However, even if the issues presented here were classified as being "important public issues," the plaintiffs would still lack standing for failure to meet the remaining elements of the test. [ Importantly, the Utah Supreme Court initially addressed the second prong, noting the unlikelihood that any other party possessed a "greater interest in asserting that the state ought to give priority to nonmonetary values" in deciding to transfer land for tourist development. Natl. Parks , 869 P.2d at 913. After this determination was made, the Court then went on to discuss the important public issue. Following the reasoning in Natl. Parks , the first prong, the "important public issue," would not be addressed as the plaintiffs failed the second prong.]

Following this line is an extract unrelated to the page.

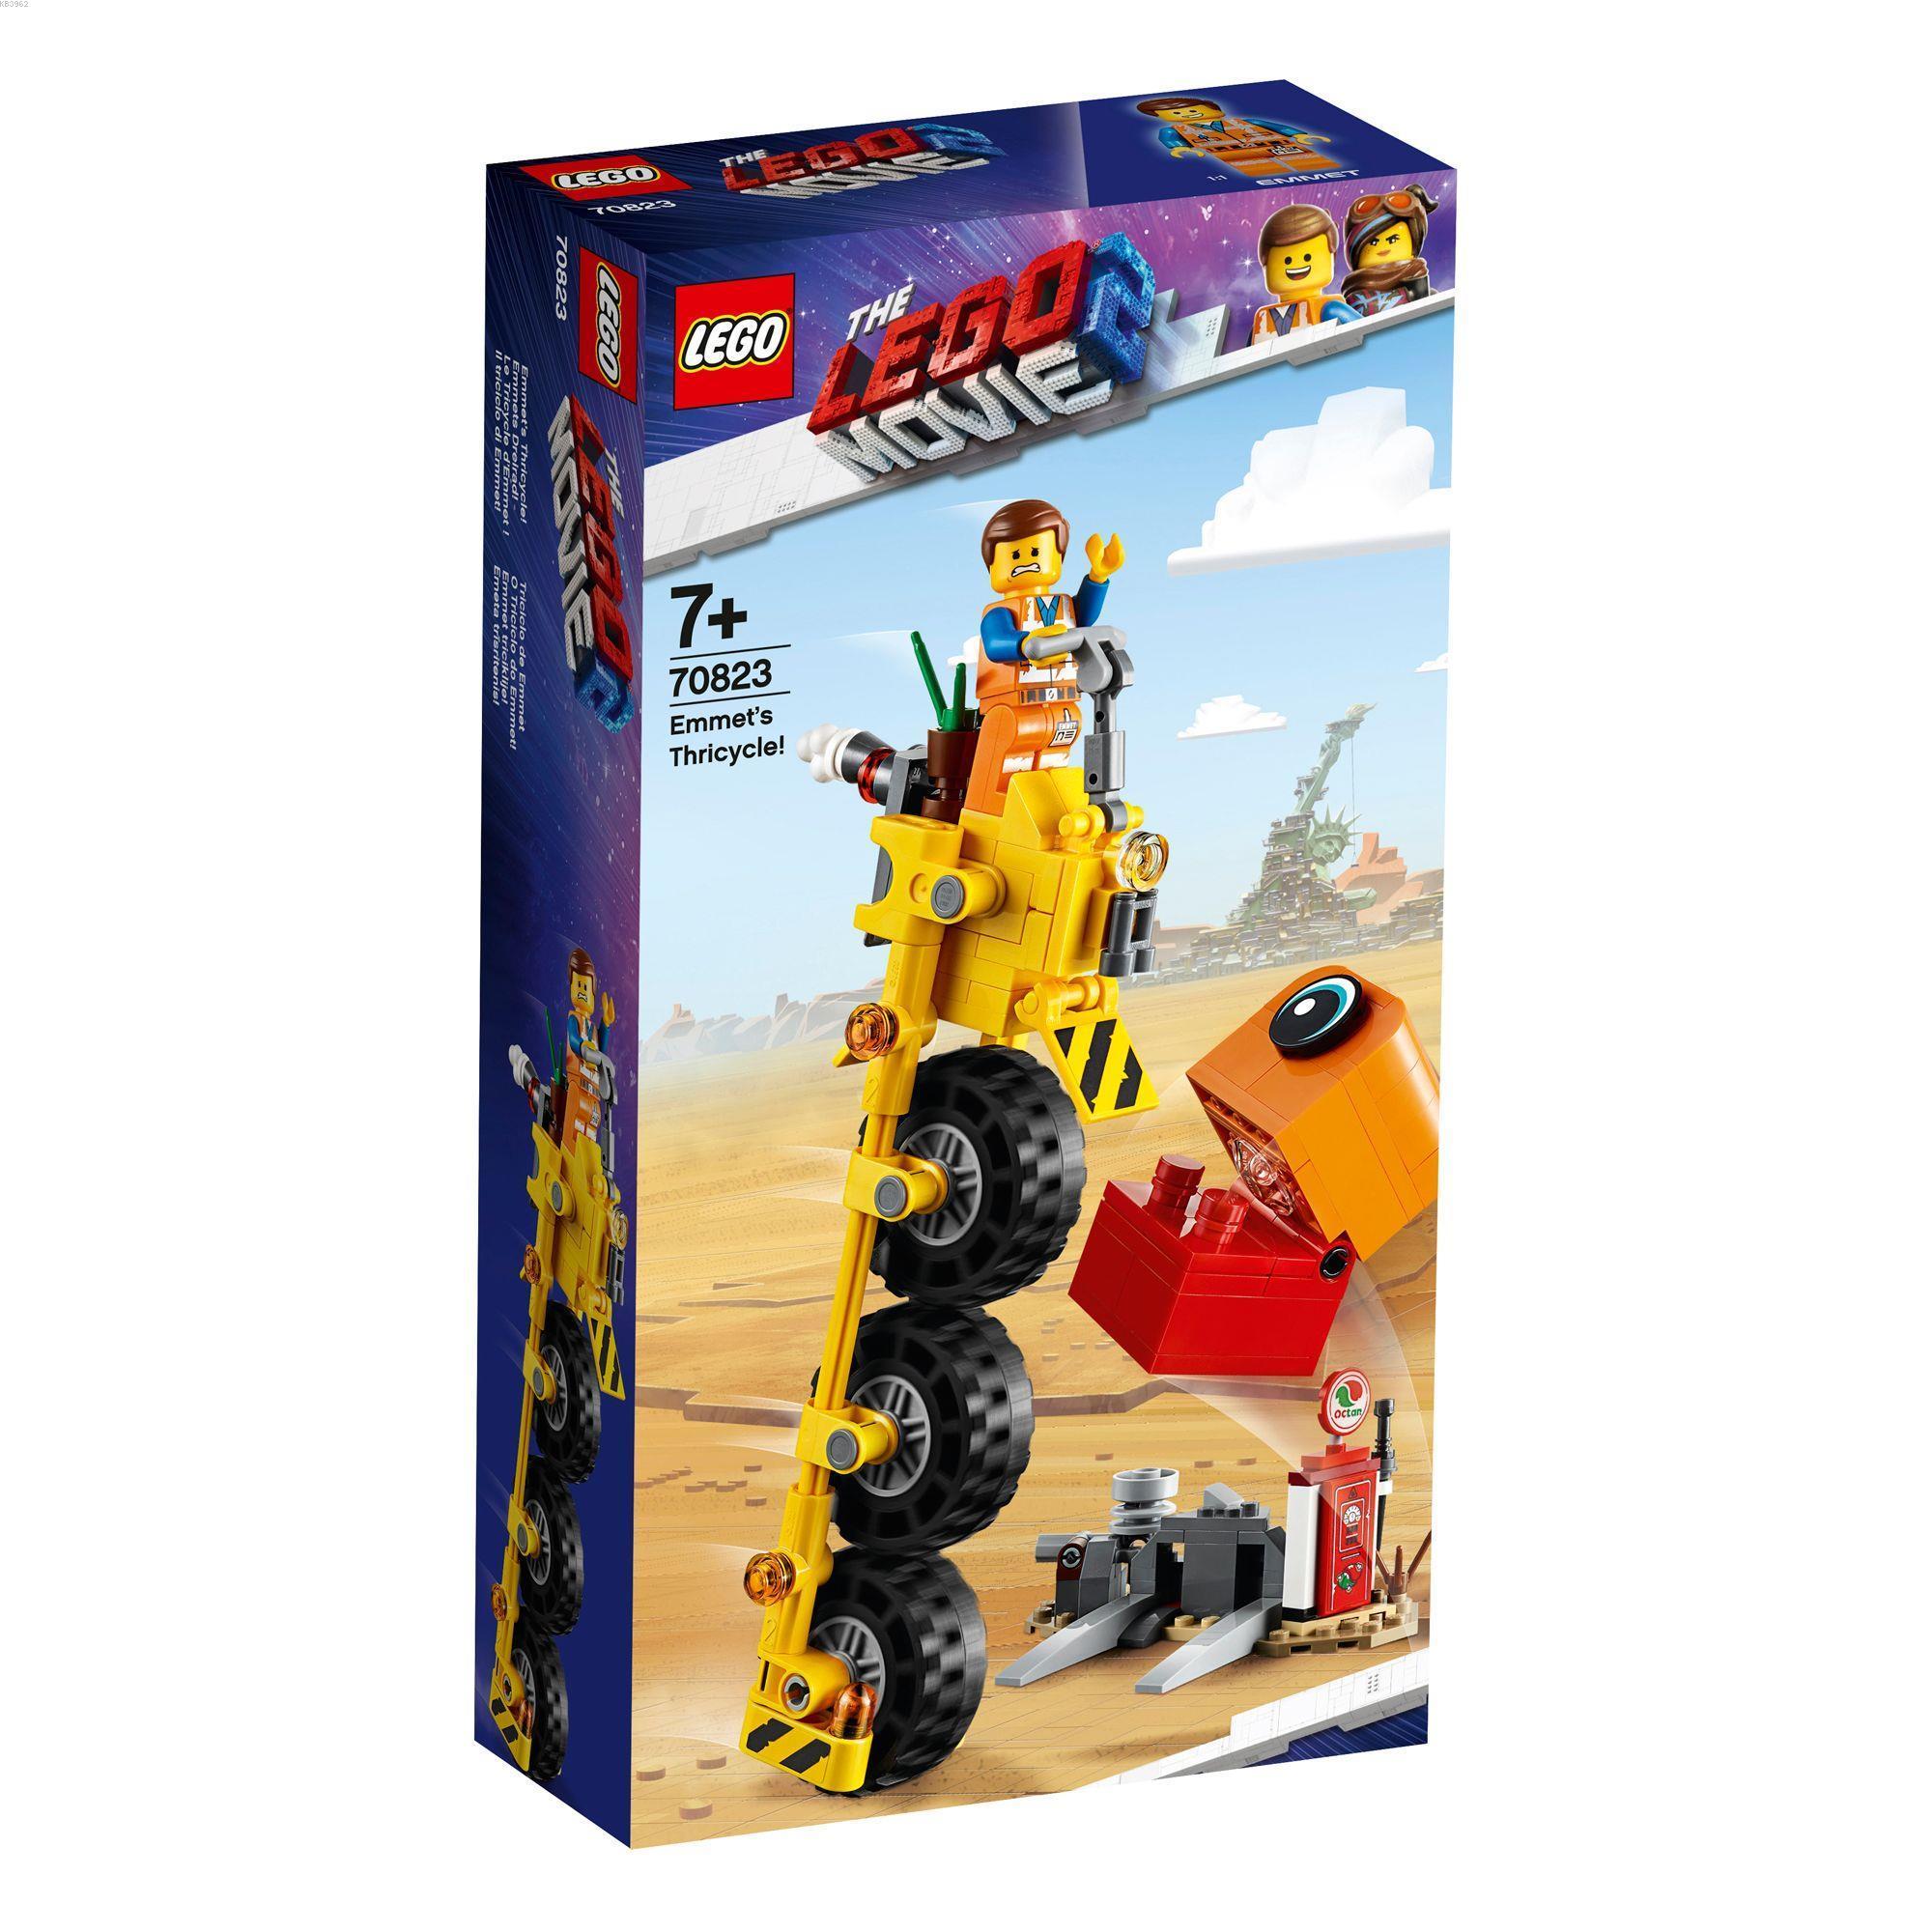 Lego Movie 2 70823 Emmets Thricycle

The existence of the second element, that no one else has a greater interest in the Attorney General's fee schedule, is not clearly supported by the facts. The plaintiffs are not the only party subject to suit where payment is made to outside counsel on a contingent fee basis. [ The State, in its argument, noted that the Attorney General's office has previously made use of contingent fee schedules.] As such, others, too, have the same interest in the outcome. Although the plaintiffs do have an interest in the outcome, this interest is merely a shared interest. The mere magnitude of the potential suit against the Tobacco companies does not render their interest "greater." The plaintiffs have not provided this court a basis to conclude that the plaintiffs' interest is different than that of any other party defendant in a contingent fee case brought by the State.

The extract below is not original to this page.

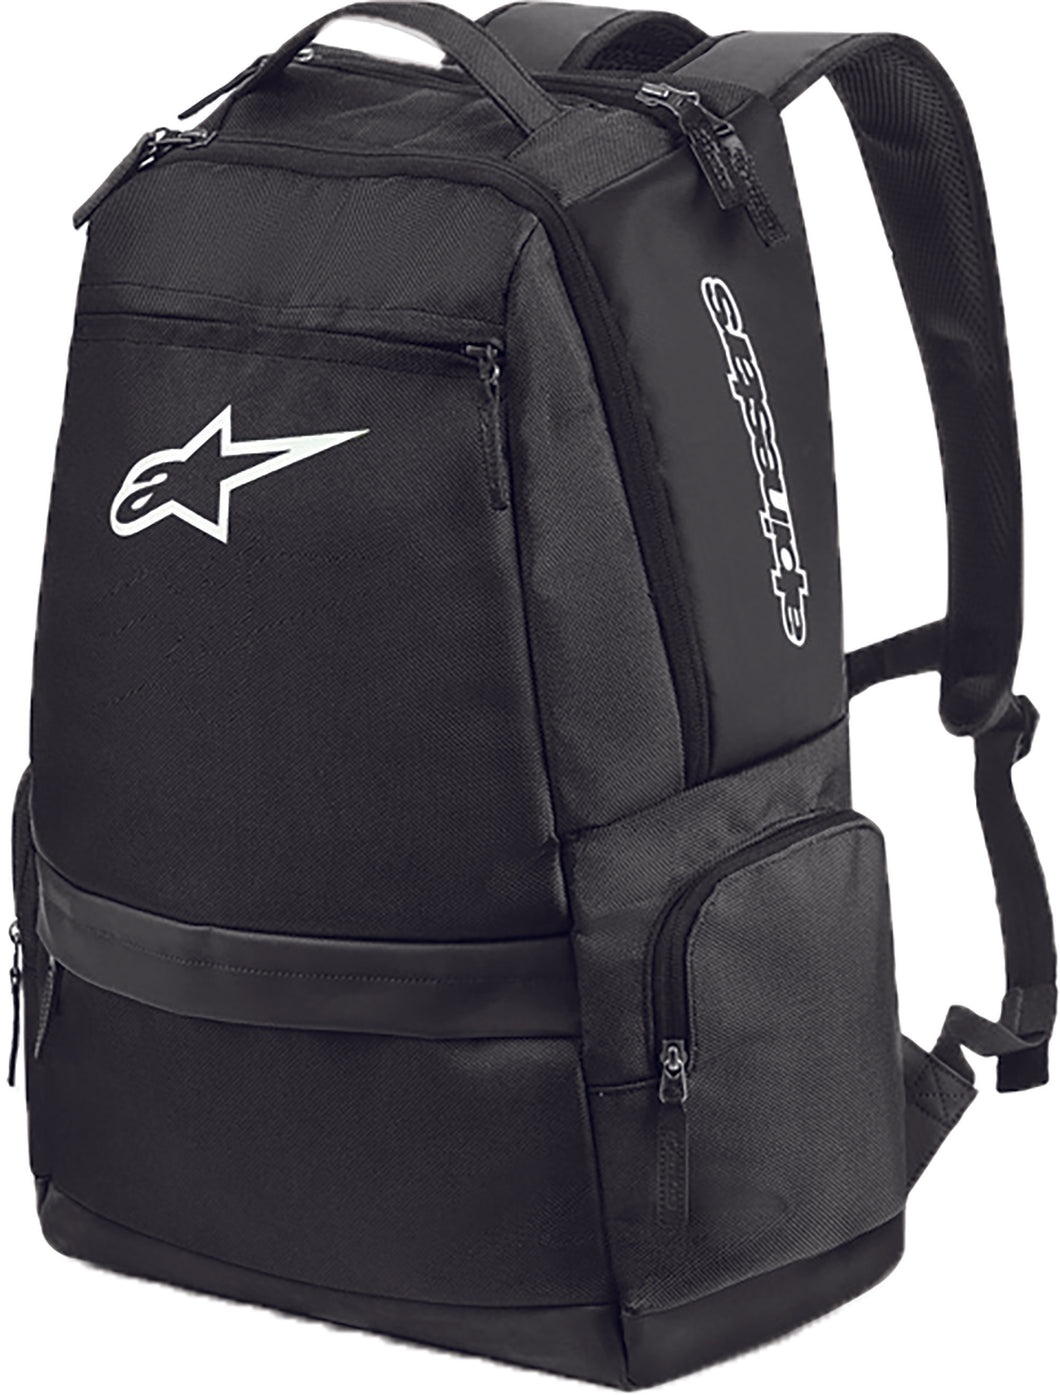 STANDBY BACKPACK BLACK

The third element is whether the issue is likely to be raised at all absent this particular plaintiff being allowed to do so. Recognizing that others share an interest in whether the Attorney General may use contingent fees, the issue does not belong solely to the plaintiffs. Knowing that the legislature has the power to prohibit or restrict contingent fee arrangements, it is unlikely that the issue will be ignored absent the plaintiffs. It is arguably more appropriate for the legislative branch of government to determine the appropriate limits on state resource allocations. In our governmental framework, the State's Constitution places the ultimate purse strings in the hands of the legislative branch of government. The issue of contingent fees could suitably be addressed by the legislature. In addition, the Utah Supreme Court has directed that Courts "will not entertain generalized grievances that are more appropriately directed to the legislative and executive branches of state government." Jenkins, 675 P.2d at 1148. That is clearly the case in this matter. The issue will not be mooted by failing to grant standing to the plaintiffs.

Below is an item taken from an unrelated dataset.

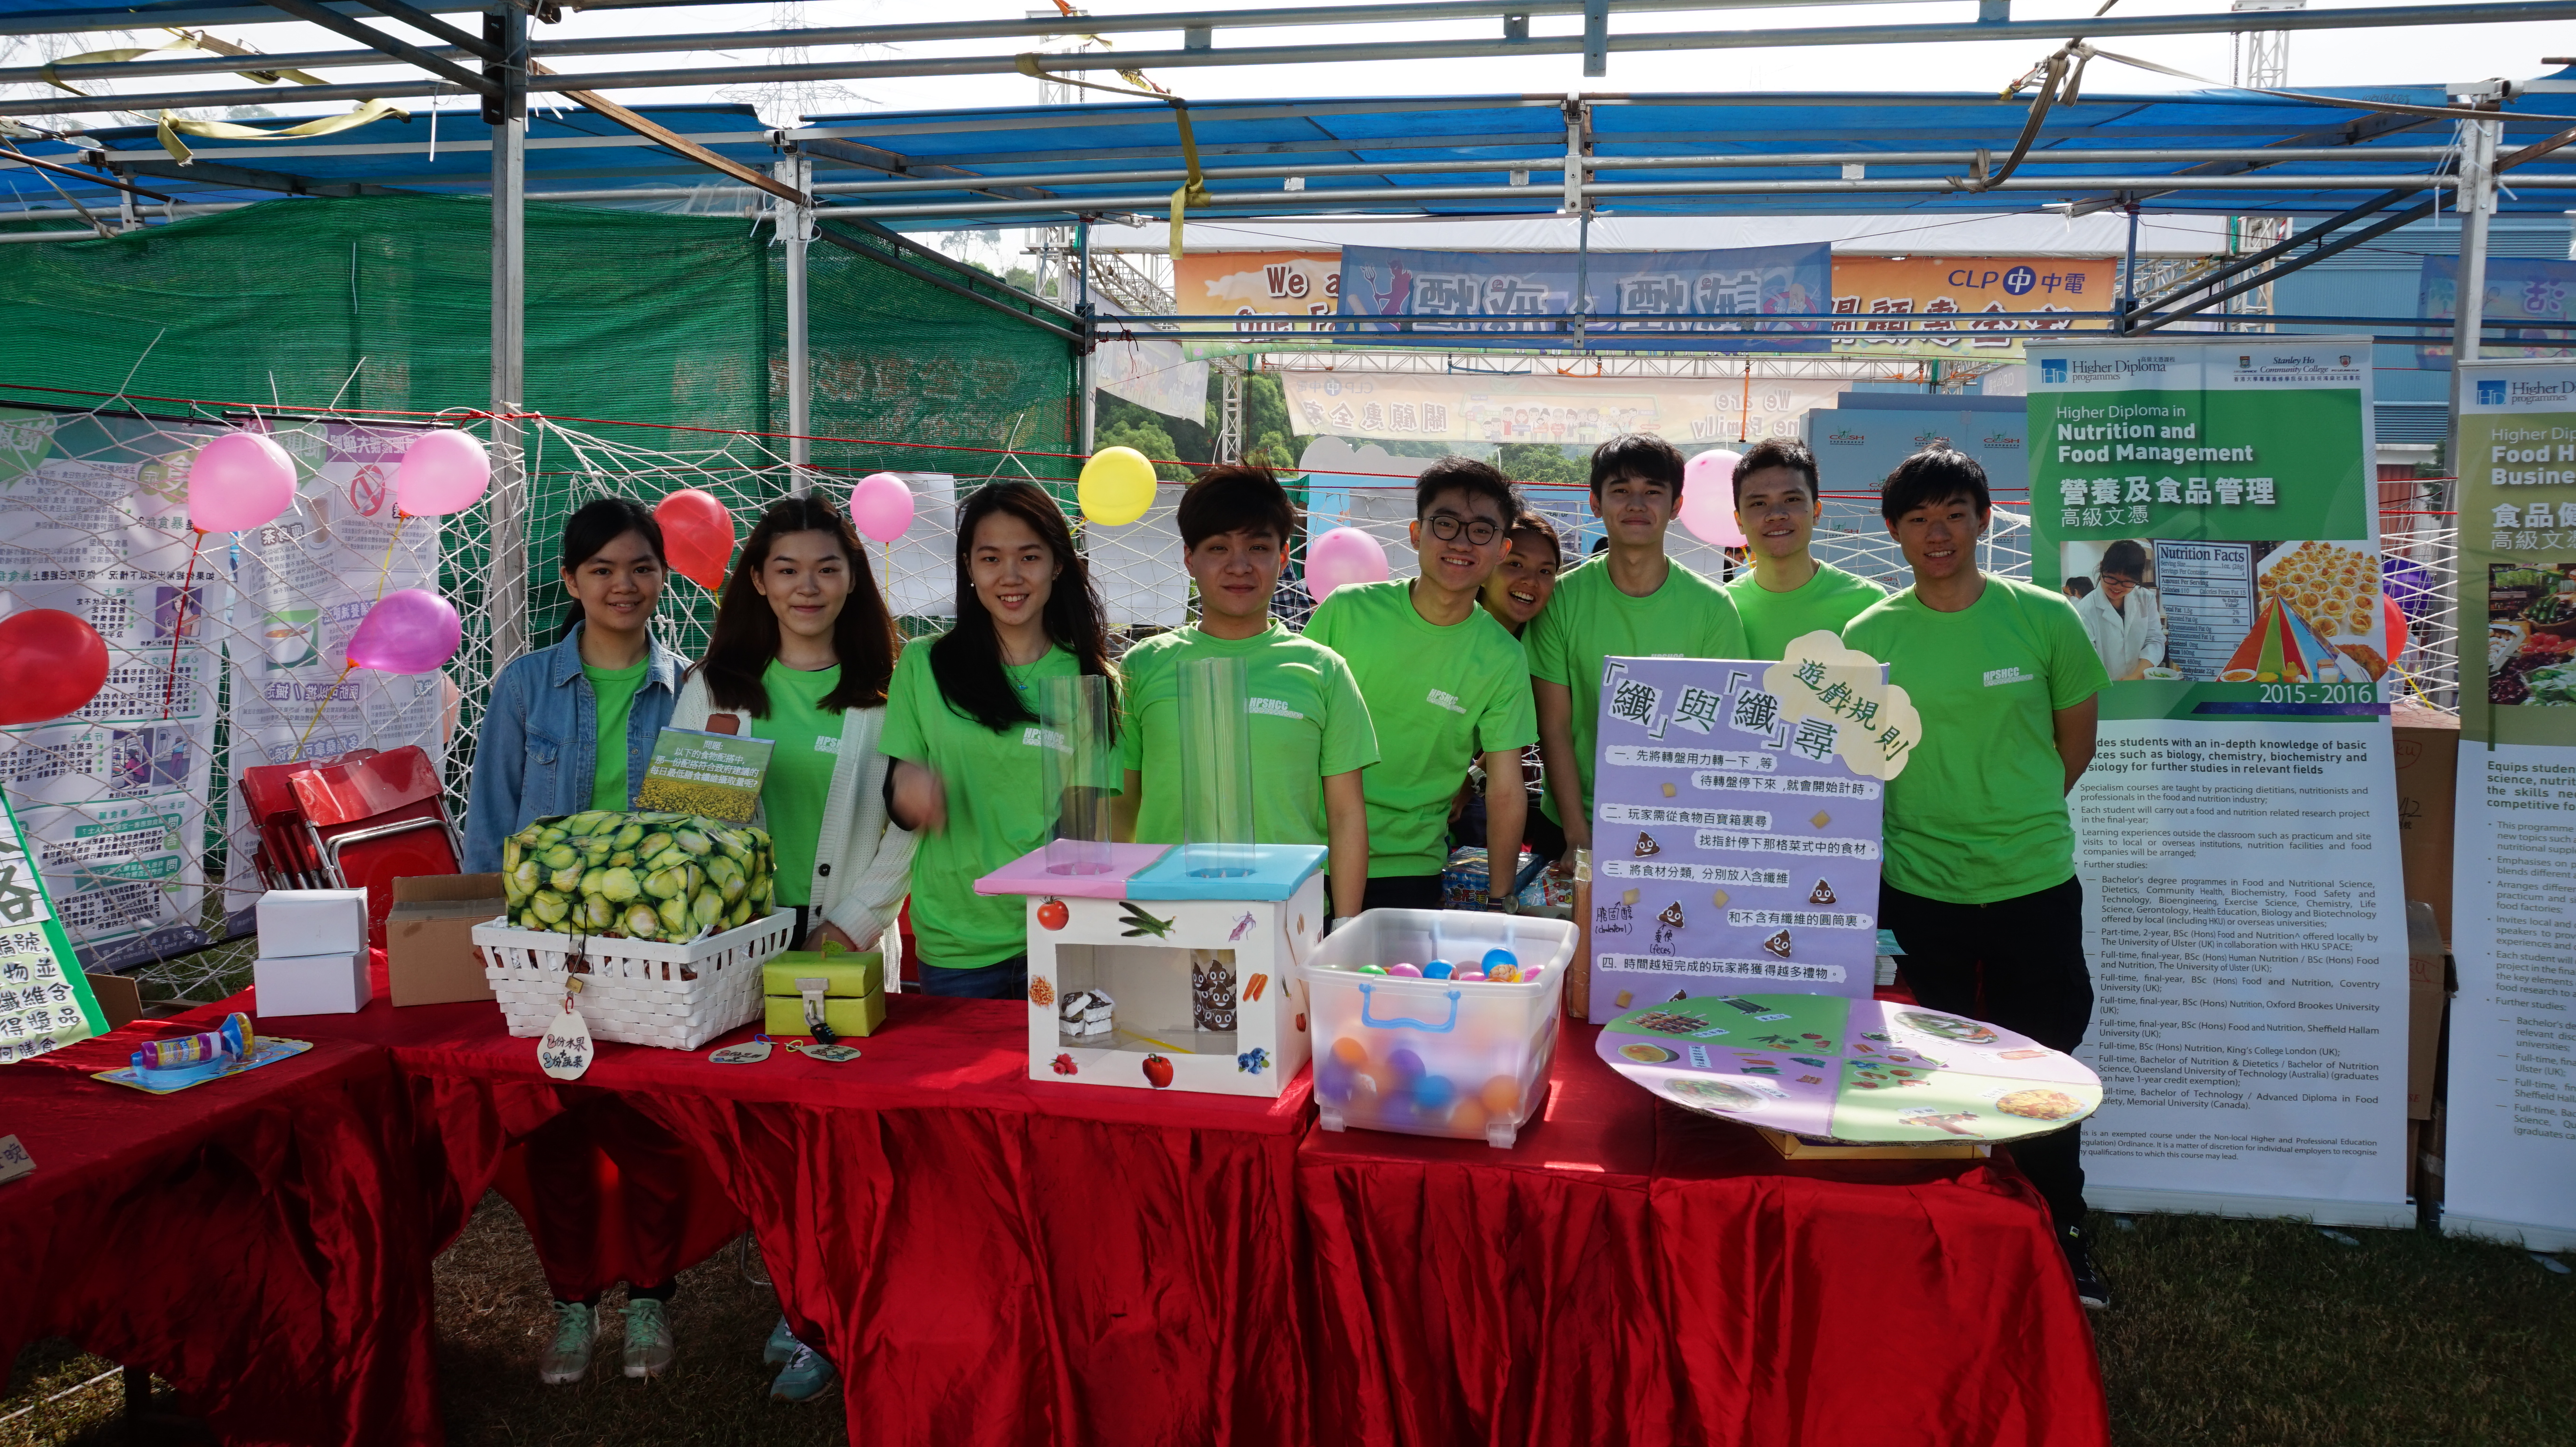 CLP Safety, Health & Environment (SHE) Day - Photo - 1

The fourth and final element is whether the legal issues are sufficiently well-defined to be properly subject to judicial review. The issue of contingent fees may, in fact, be sufficiently crystallized to be subject to judicial resolution. Standing, however, is not established without all four elements. Though the issue may be ripe for judicial resolution, the remaining three required elements of the second test have not been sufficiently demonstrated. These plaintiffs, therefore, lack the requisite standing under this second general rule to bring the issue before this court.

C. The Third General Rule

The third and final way to "maintain a suit against governmental action [is] in those limited circumstances in which a case raises issues that are so unique and of such great importance that they ought to be decided in furtherance of public interest." Natl. Parks, 869 P.2d at 913. (citations omitted). "Therefore, in order … to successfully claim standing before this court under this third test, we must find that this dispute (1) raises a statutory or constitutional issue of substantial public import, (2) is presented by adverse parties, and (3) is otherwise suitable for resolution by the courts." Barnard, 905 P.2d at 322.

The plaintiffs must first show that their dispute raises a statutory or constitutional issue of substantial public import. Plaintiffs challenge the Attorney General's power to hire contingent fee counsel under existing statutory law. The Utah Supreme Court has explained the nature of the power given to executive officials:

The executive article … was drafted to give effect to the fundamental principle that the organic law established the basic framework of government for this State should provide sufficient flexibility and latitude, within the limitations of certain fundamental restrictions, so that government could be organized to cope with the inevitable and unforeseeable exigencies that would arise. In part, the powers conferred on the constitutional executive officials were constitutionally based. However, the framers also conferred on the Legislature broad authority to shape the powers and authority of those officials as the needs of the times dictated.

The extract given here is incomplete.